We have a field that indicates the path order, in other words, it indicates which is the origin and destination. We will make Origin equal to 0, and Destination equal to 1.

D.2. PATH ORDER DENSIFICATION – PathOrder (bin)

We need a path with a set of points between the start and end locations. Therefore, we generate a data-set that contains the missing values. This process is referred to as “densification”. To do this, we create “Bins” from the PathOrder.

The PathOrder has values of 0 and 1. To define the “Size of the bins”, we first determine how many points we want to use to draw the line. For example, if we want N = 101 points, the "Size of the bins" is given by 1/(N-1) = 1/100 = 0.01.

D.3. LATITUDE AND LONGITUDE START AND END VALUES

We now create the values for the latitude and longitude for the start and end locations.

Why do we need these calculations if we already know the values from Lat and Lon?

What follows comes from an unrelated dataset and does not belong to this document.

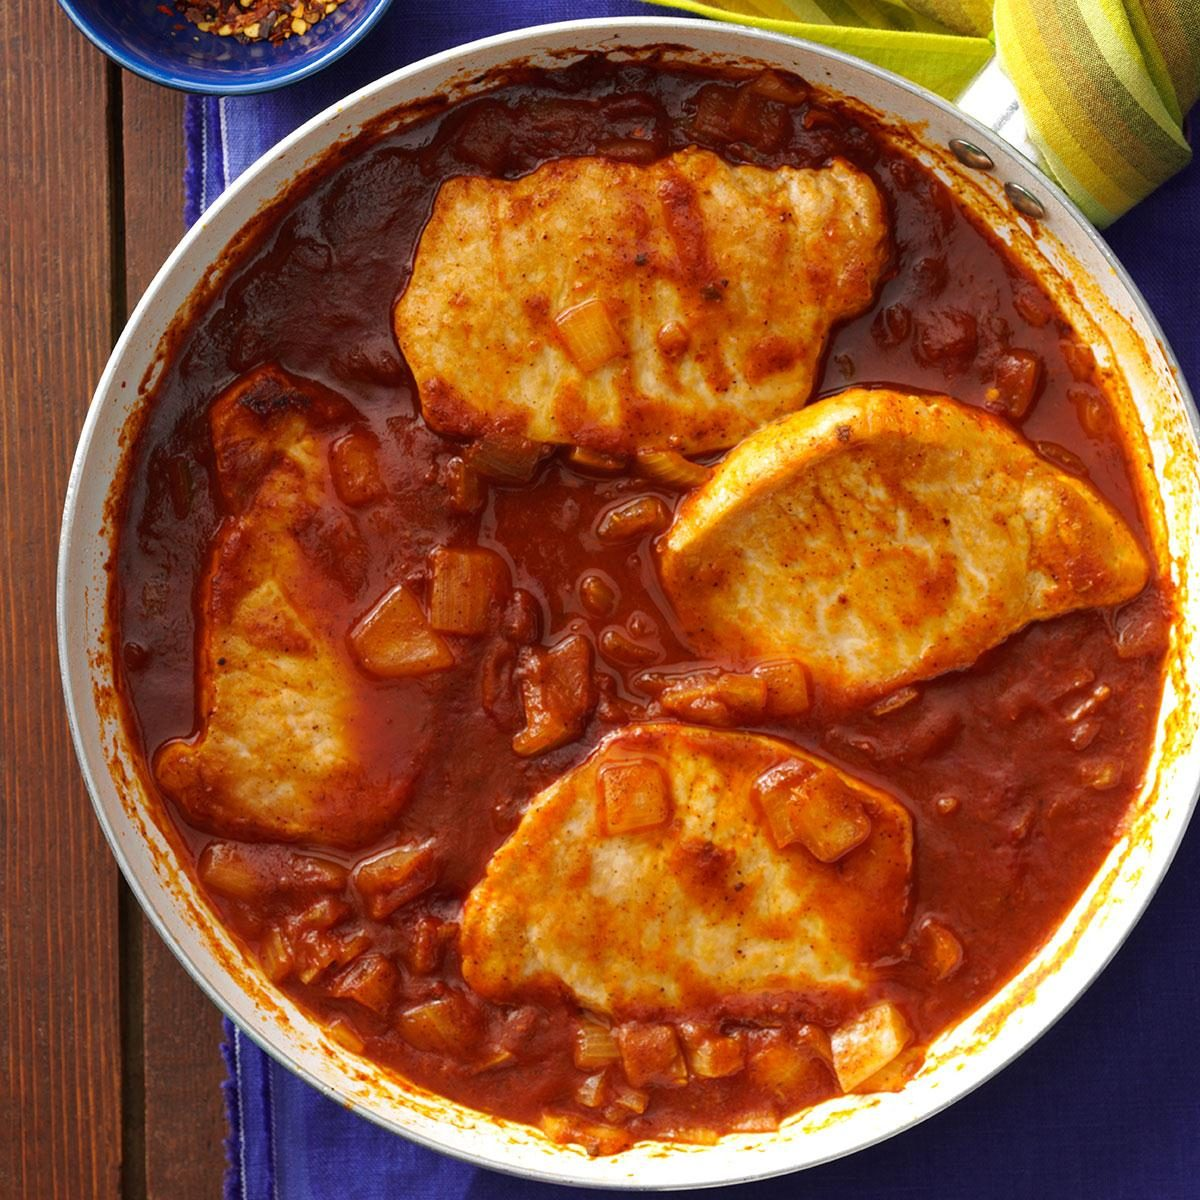 Spicy Tomato Pork Chops Recipe | Taste of Home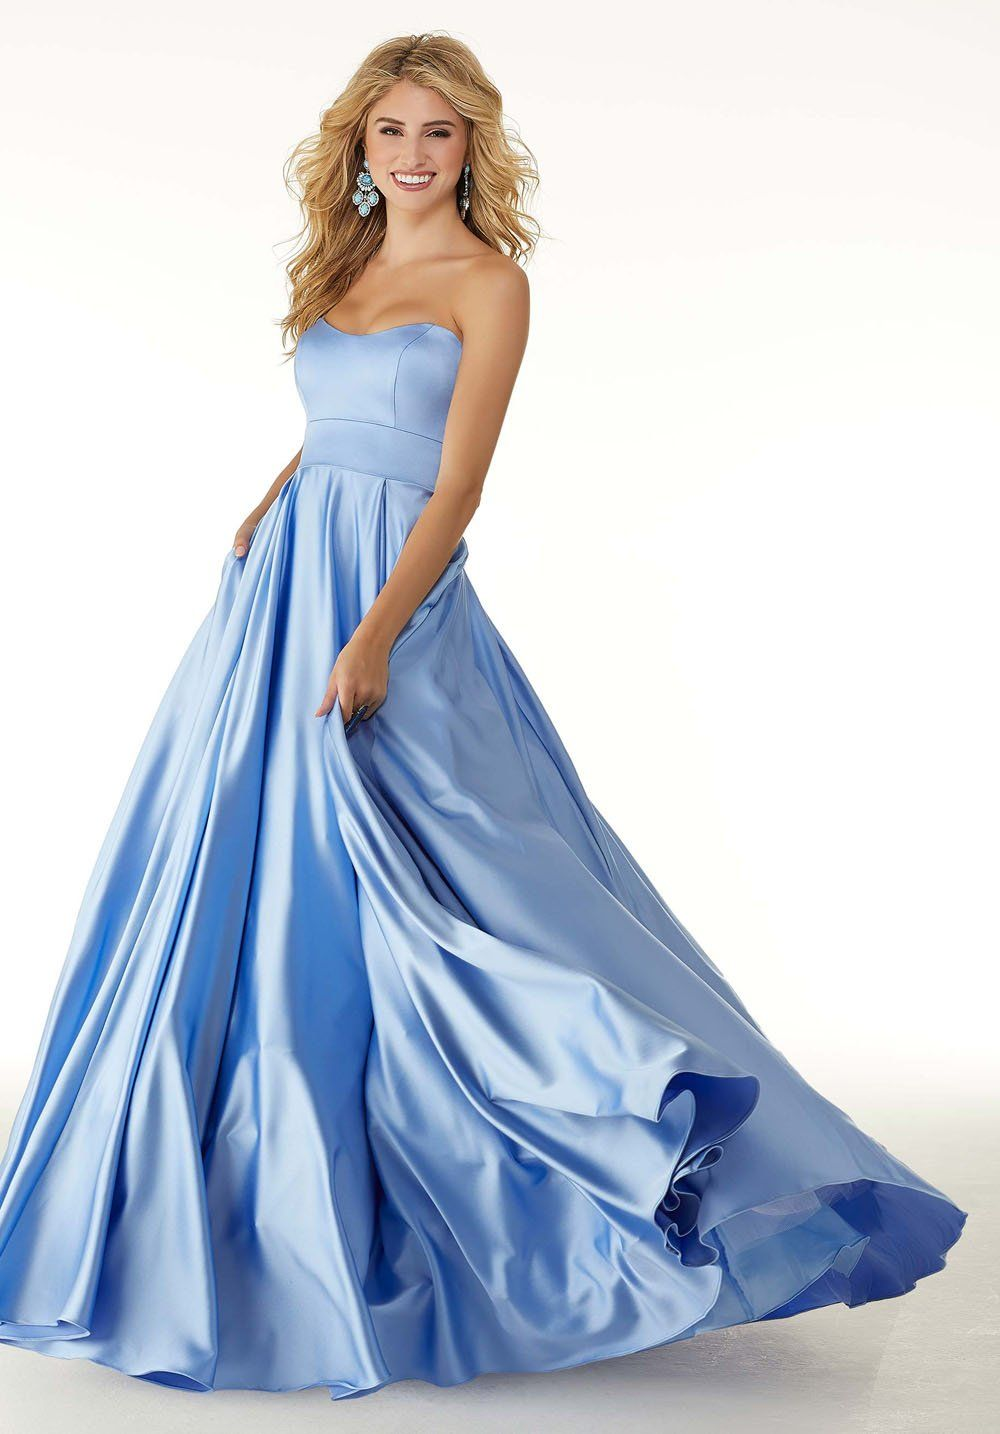 Morilee 45090 Dress Satin Dress Long Prom Dresses Ball Gown Prom Dresses [ 1434 x 1000 Pixel ]

In the table below we observe that the values of Lat only exist in PathOrder == 0 for the origin, and PathOrder == 1 for the destination. The new calculated fields separate these two values into two different columns (LatStart and LatEnd), and fills in the densified points obtained by the PathOrder (bin). For these fields, “Compute Using” the PathOrder (bin). The same logic applies to Lon.

D.4. GREAT CIRCLE CALCULATIONS

Below we present the calculated fields for d, f, A, B, X, Y, Z, NewLat and NewLong. We will first need an Index field.

d, f, A and B are defined as:

Note that the Lat and Lon values are in degrees, and we require them to be in RADIANS!

X, Y and Z are defined as:

NewLat and NewLon are defined as:

Note that the NewLat and NewLon values are in radians, and we require them to be in DEGREES!

E. VISUALIZING THE MAP PATHS

To visualize the map paths, we must make sure we are not aggregating the measure. Then we need to:

Convert NewLat and NewLon to Geographic Role -> Latitude and Longitude, respectively.

Drag ID to Detail.

Drag Path Order (bin) to Rows. Make sure the “Show Missing Values” is checked!

Drag the Path Order (bin) from Rows to Details.

Drag NewLon and NewLat to Columns and Rows, respectively; and “Compute Using” PathOrder (bin).

Change the Mark to Line.

Drag PathOrder (bin) to Path.

Format as you wish!

Feel free to play with the map below!

Formulas:

Here, you can copy-paste the formulas into your calculated fields.

d =

ACOS(SIN(RADIANS([LatStart]))*SIN(RADIANS([LatEnd]))+

COS(RADIANS([LatStart]))*COS(RADIANS([LatEnd]))*

COS(RADIANS([LonStart]-[LonEnd])))

f =

([Index]-1)/(WINDOW_MAX([Index])-1)

A =

SIN((1-[f])*[d])/SIN([d])

B =

SIN([f]*[d])/SIN([d])

X =

[A]*COS(RADIANS([LatStart]))*COS(RADIANS([LonStart]))+

[B]*COS(RADIANS([LatEnd]))*COS(RADIANS([LonEnd]))

Y =

[A]*COS(RADIANS([LatStart]))*SIN(RADIANS([LonStart]))+

[B]*COS(RADIANS([LatEnd]))*SIN(RADIANS([LonEnd]))

Z =

[A]*SIN(RADIANS([LatStart]))+

[B]*SIN(RADIANS([LatEnd]))

NewLat =

DEGREES(ATAN2([Z],SQRT([X]^2+[Y]^2)))

NewLon =

DEGREES(ATAN2([Y],[X]))

* Tableau does not allow to drag the generated Latitude and Longitude fields into Calculated Fields; therefore, we need to have these defined in the data.

**West Longitudes need to be written in negative form. For example, Caracas is 10.4806˚N and 66.9036˚W. We would use the values 10.4806 and -66.9036. This does not apply to East Longitudes, nor any of the Latitudes.